On Monday, pythons and their kind appeared to have been on rampage in recent days: In Miami-Dade County, another python gobbled a pet Siamese cat; in Putnam County, a rattlesnake bit and killed a fire marshal despite being shot multiple times.
Across the Atlantic, London's The Daily Mirror breathlessly reported that a 12-foot "child killing" python was on the loose — spotted by a street sweep. Of course, it hadn't eaten Oliver Twist but animal experts acknowledged it was quite capable of it.
Fearful fascination with snakes spans not just the globe, but the ages. Almost every culture has integrated the reptiles into their lore or religion: Christianity has the tempestuous snake in the Garden of Eden, ancient Egypt's Cleopatra committed suicide with an asp, and Greek mythology had snake-coiffed Medusa. The python takes its name from a Greek mythical she-serpent born from primordial slime.
Some scientists believe the trepidation may have been hard-wired into our brains from the days when humans were prehistoric prey. Such feelings are stirred when we hear of a battle in the Everglades where a python and bull gator square off to be king of the swamp.

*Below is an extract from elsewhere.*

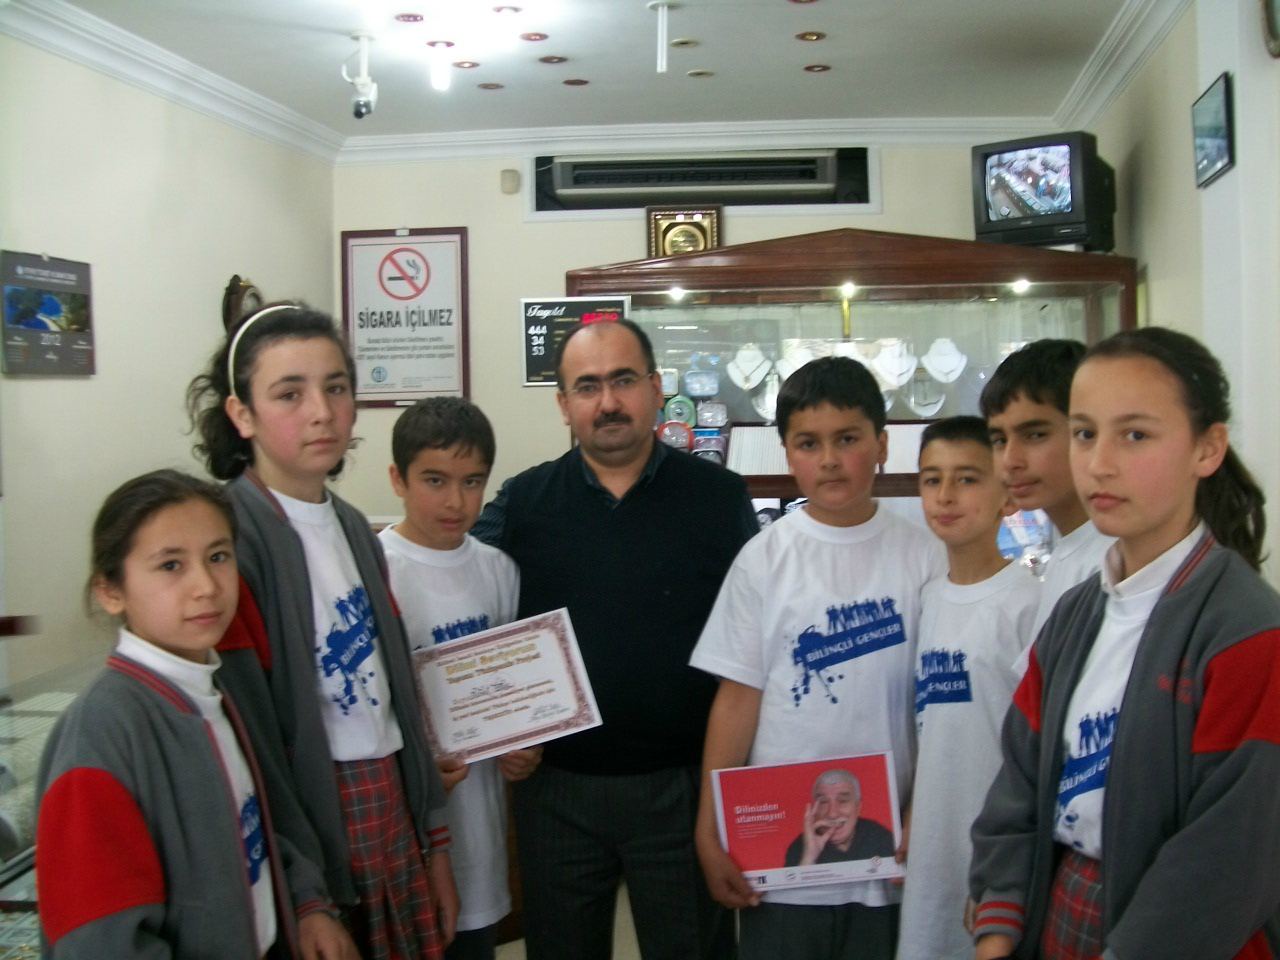 Bilinçli Gençler Derneği - Türkiye Bilinçli Gençlik Projesi - "DİLİMİ SEVİYORUM, TÜRKÇE KULLANIYORUM" - Eldirek İsmail Sarıkaya İlköğretim Okulu - MUĞLA

"What you are looking at is a battle of titans," said Walter Meshaka Jr., a herpetologist who writes about Florida's exotic reptiles.
"It's fascinating and exemplar of everything that is wrong with southern Florida where a once federally protected monster species like the American alligator battles another monster species that has invaded from another part of the world. It gives you a feel of primeval biology of large animals eating each other that's different than a hawk catching a mouse."
Burmese pythons — natives of Asia — took up residence in Florida's River of Grass after pet owners abandoned them, probably dismayed at how big they get in a short period of time. More than 150 have been removed from the Everglades; the number still out there is anybody's guess because they blend into the tropical scenery so well.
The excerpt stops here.